Many who were already in the habit of believing fervently in the stories they’d heard of children born with the name of Allah inscribed on their backs, and of beehives on which citations from the Koran appeared spontaneously, put their faith in this one true Mahdi, and began to organize processions in honor of the new Messiah, and to sing hymns to him. His uncle’s house in New Kurush became a destination for pilgrimages, and was adorned with flowers and green cloth, and a gleaming half-moon appeared on the roof.
When news of Mahdi spread through the Emirate, and gifts and tributes began to pour into New Kurush from neighboring Chechnya, the Madzhlis-ul-Shura deliberative assembly sounded the alarm. The uncle’s house was cordoned off and mined on all four sides, though Mahdi himself managed to abscond southward with all the gifts he’d been given.
The unrest continued. Posters bearing the inscription “Let us burn everything that is written from left to right!” appeared on the streets of Makhachkala.
“That’s strange,” mused the people, “since it turns out w
e’d have to burn these posters too!”
They were right; it didn’t make sense. The government had decided to transliterate all the vilayats into Arabic script, but it was hard to do this all at once. Plus, the mujahideen themselves didn’t know Arabic—nor, in fact, their own disappearing native languages, and were forced to communicate with one another in Russian.
Nevertheless, not only archives and music collections, but libraries as well, went up in flames. Then, literally the next day, the order was rescinded. The conflagrations ceased, and Russian translations of the Koran were saved. It had been decided that it might be better to proceed gradually.
After she moved out of her parents’ home to her husband’s, Madina began visiting the wives and widows of the mujahideen. All of them were excited about the unexpected victory and dreamed aloud of a time when nonbelievers would finally be reeducated or just disappear, when the true Emirate would begin, and there would ensue a life of freedom and bounty, as had happened in Saudi Arabia.
“Our husbands did not die in vain!” a Muslim woman would say, puffed up with pride. “They are all looking down at us from Paradise, rejoicing that we lived to see the blessed day!”

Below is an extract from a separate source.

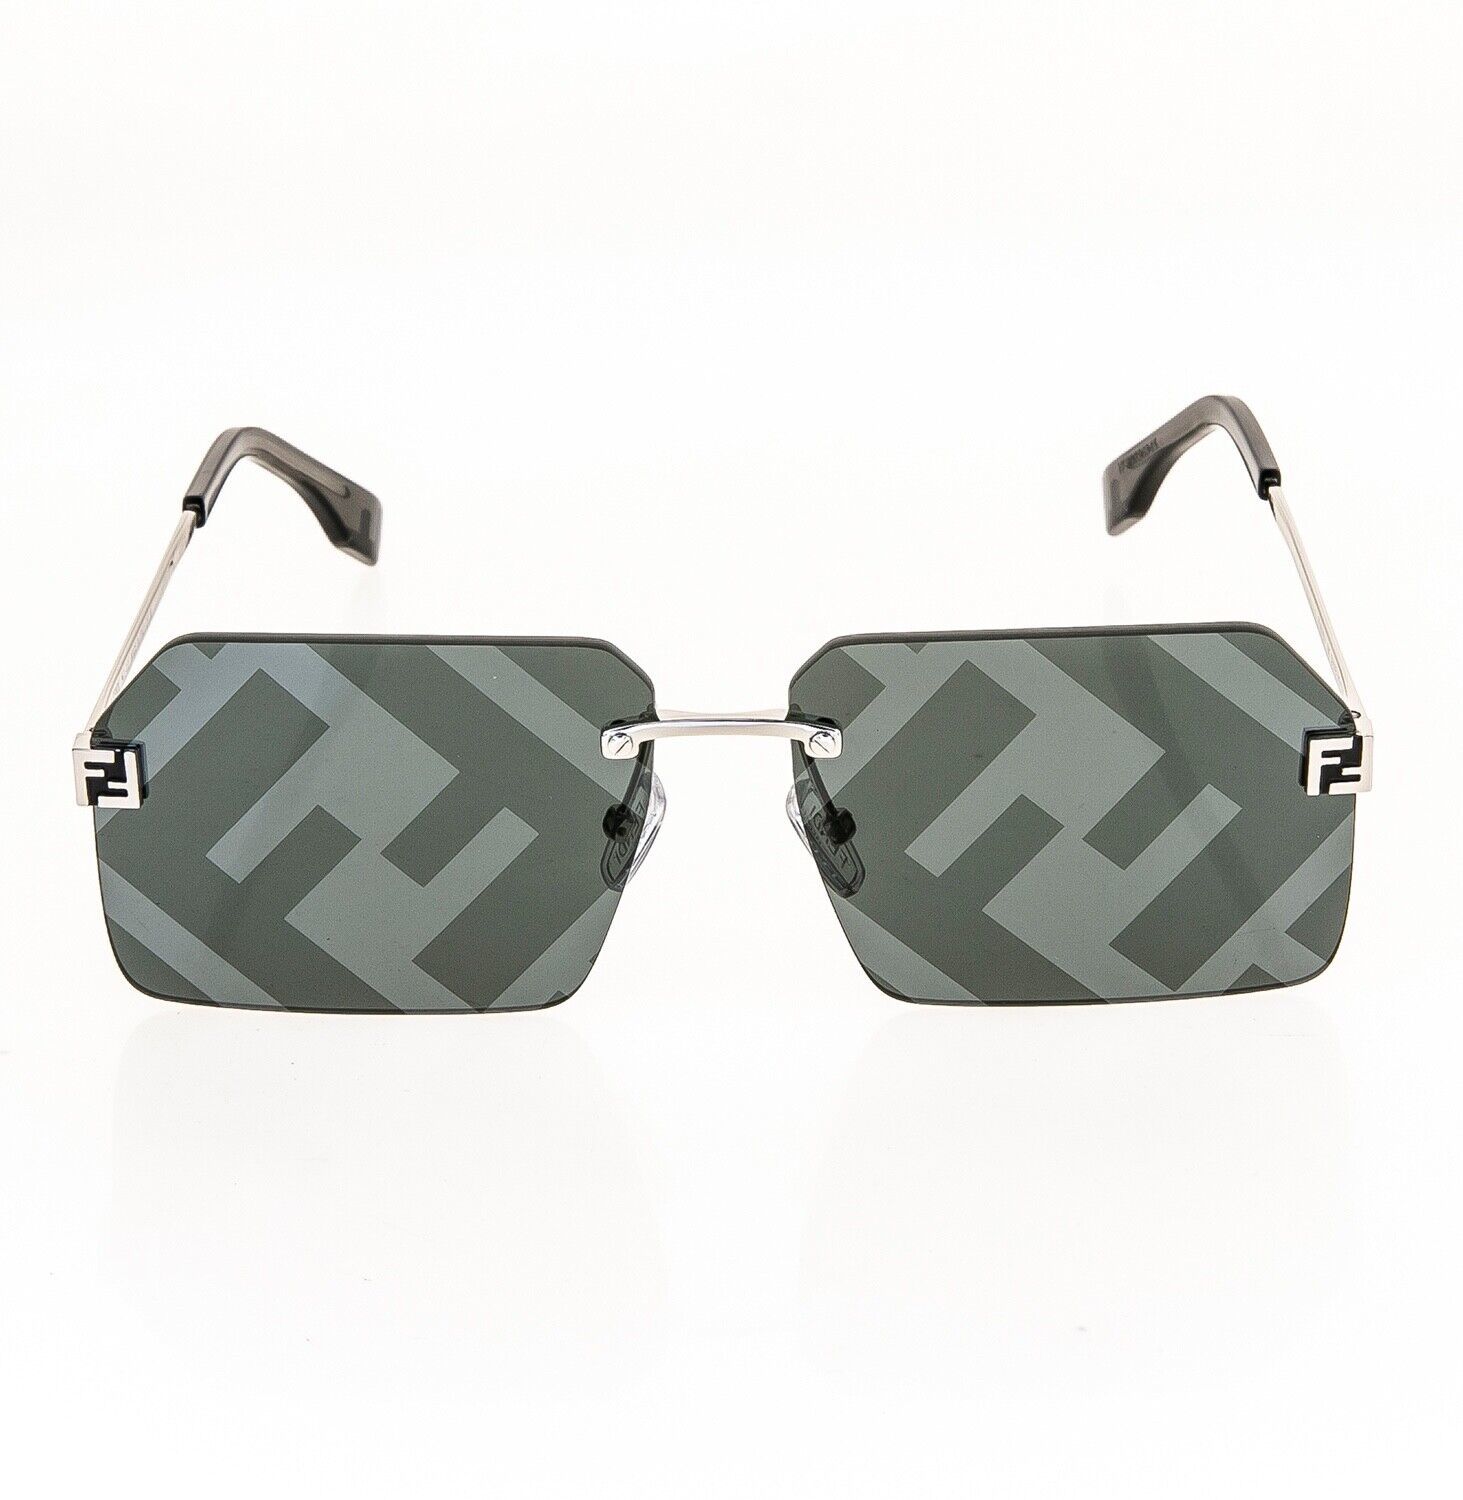 Black Sport Baguette mask-frame acetate sunglasses, Fendi

“Hold your tongue, Zariat,” another would scoff. “When your Usman, may Allah receive his shahada, was killed, you were at home with him, and when the murtad dogs called, you went out to them. They say that you betrayed several of our brothers.”
“What are you talking about, auzubillah! Who are you to lecture me? My ‘sister,’ who talked to men in chat rooms, knowing that it was forbidden! My sister, who asked them not to murder her brother, a policeman and defender of kufr, who was unwilling to break ties with her dzhakhil parents! They would have kept on pressing you, and you would have left, would have gone back to your infidel family, to your cursed brother! Subhanallah, we opened your eyes and saved you from taking that terrible step! And Usman himself asked me to go outside and to convey his last words to the umma, to tell the story of his courage! While I was being congratulated, do you think I didn’t feel like crying? Of course I did, but I smiled and rejoiced that Usman was in Paradise, and didn’t feel sorry for myself, for that would have been pure selfishness and folly.”